**Available data**
------------------------------
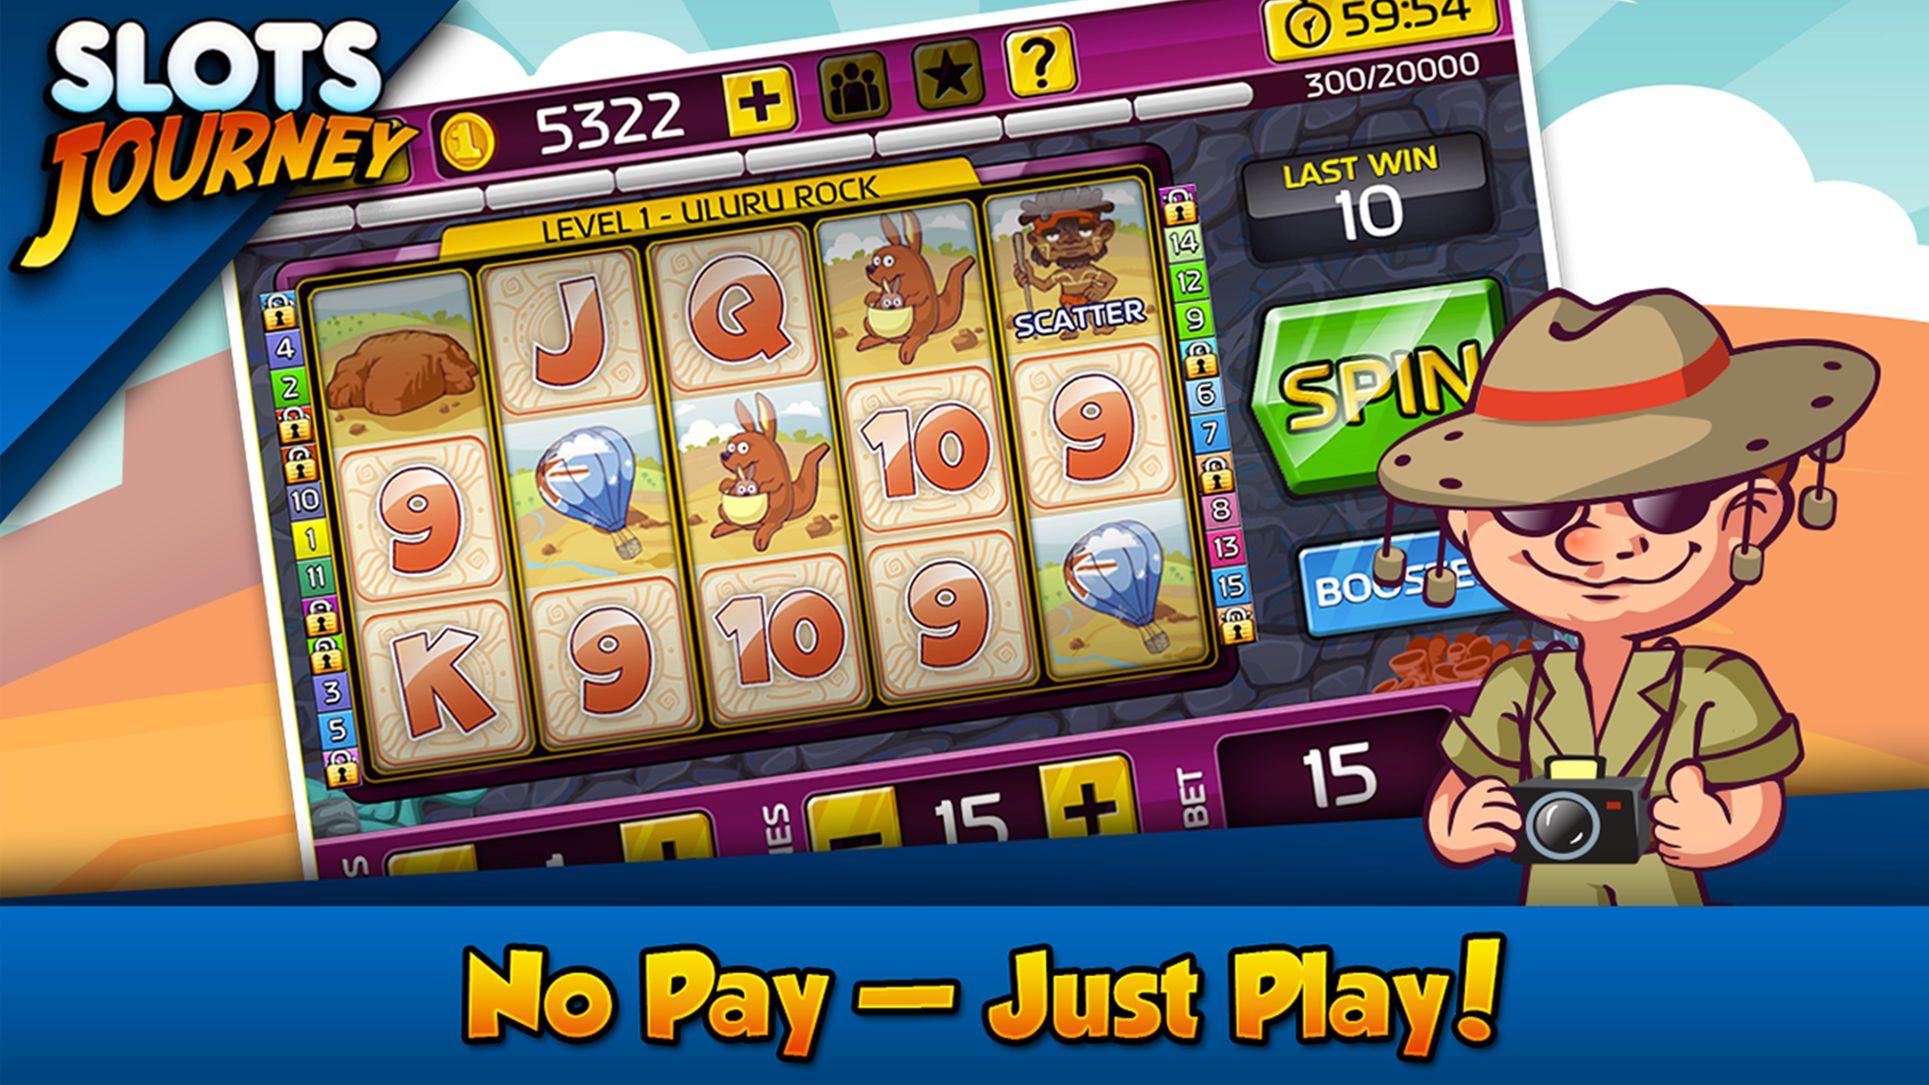 Slots Journey Games
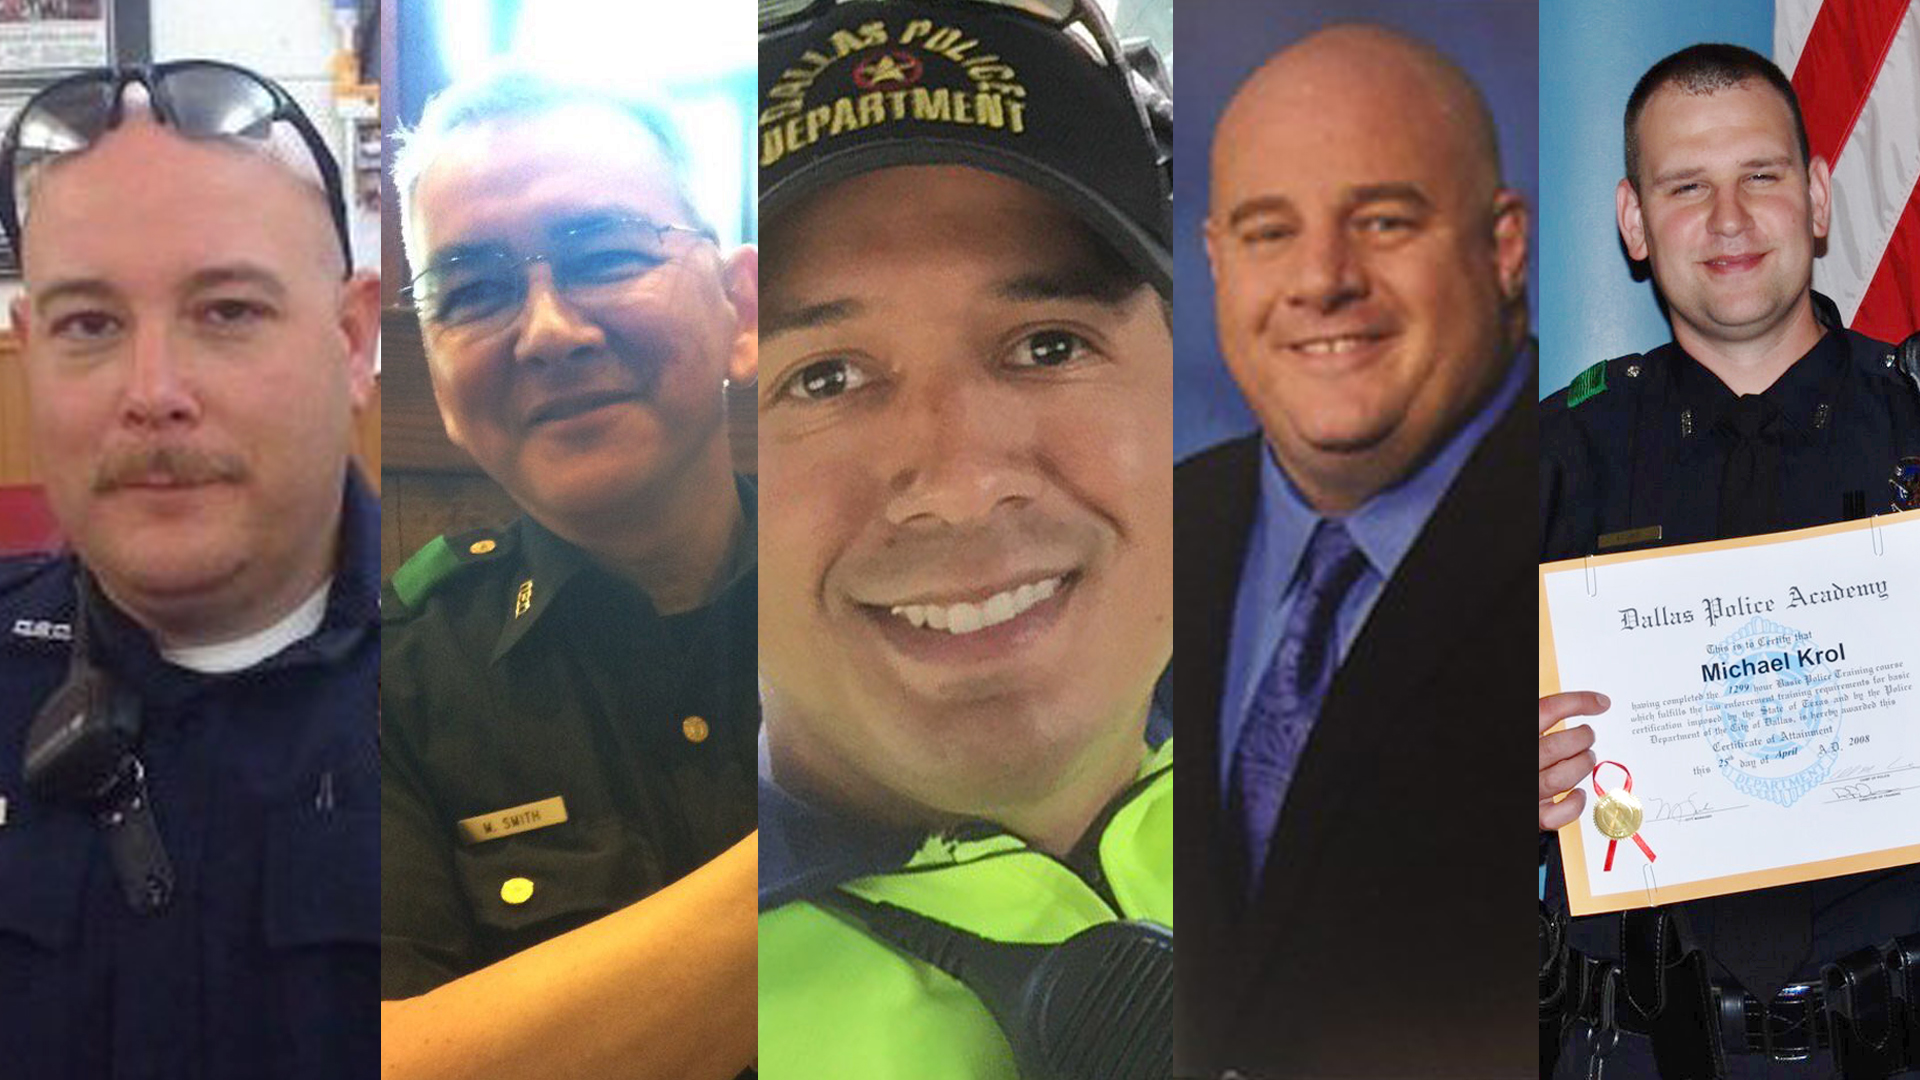 Remembering the slain police officers in Dallas
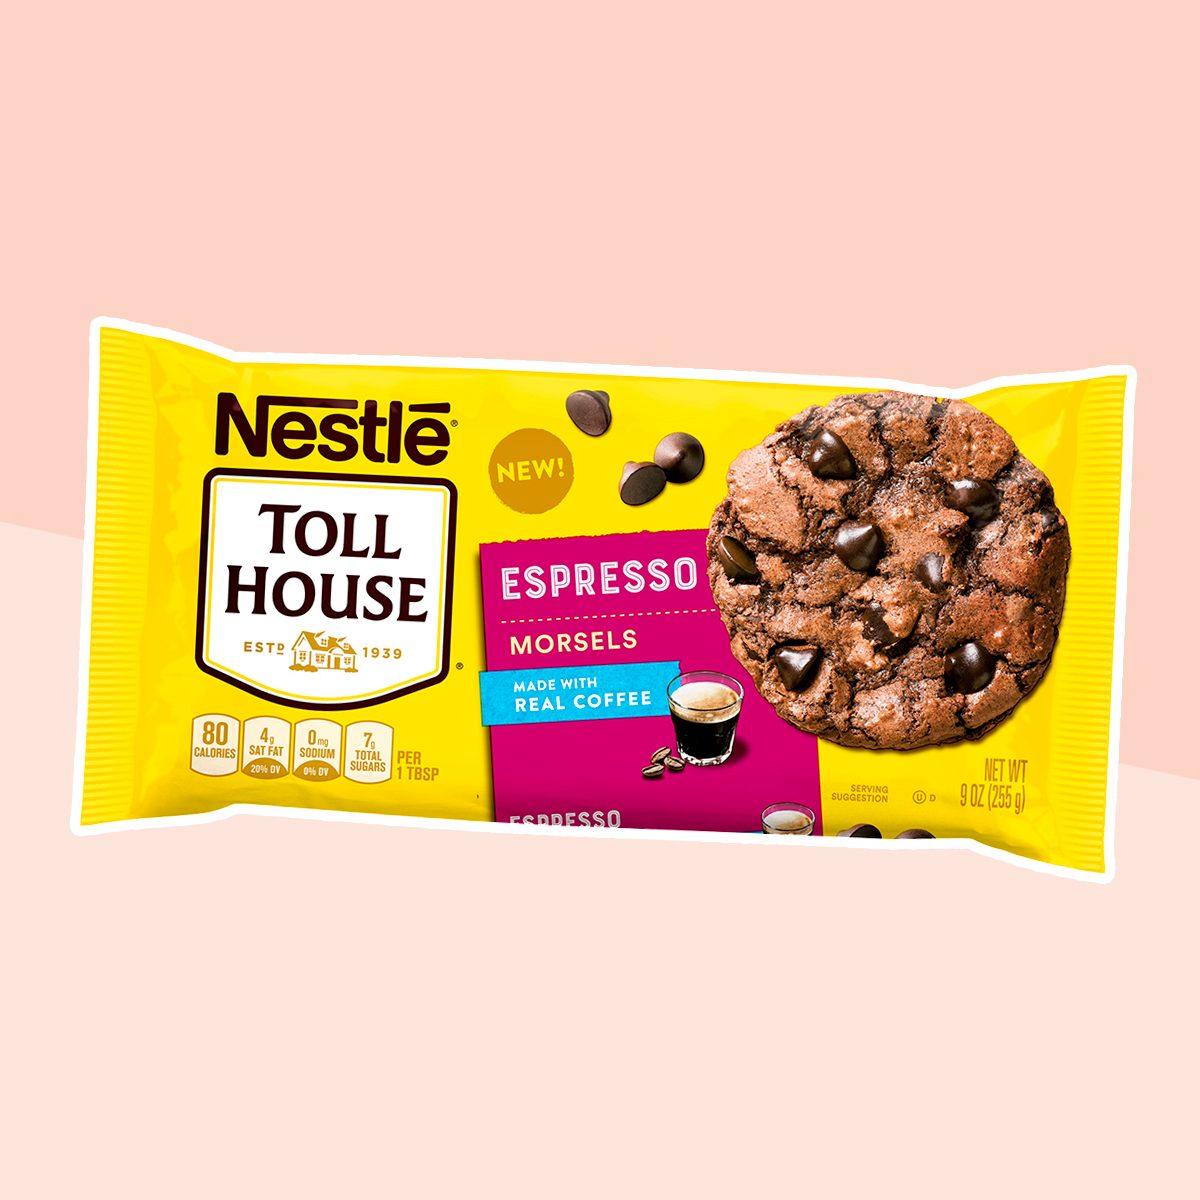 Nestlé Toll House Espresso Baking Chips
------------------------------
**Brief**
Leave out the pictures. Transcribe the rest of the listing above exactly.

**Exercise result**
 Slots Journey Games
 Remembering the slain police officers in Dallas
 Nestlé Toll House Espresso Baking Chips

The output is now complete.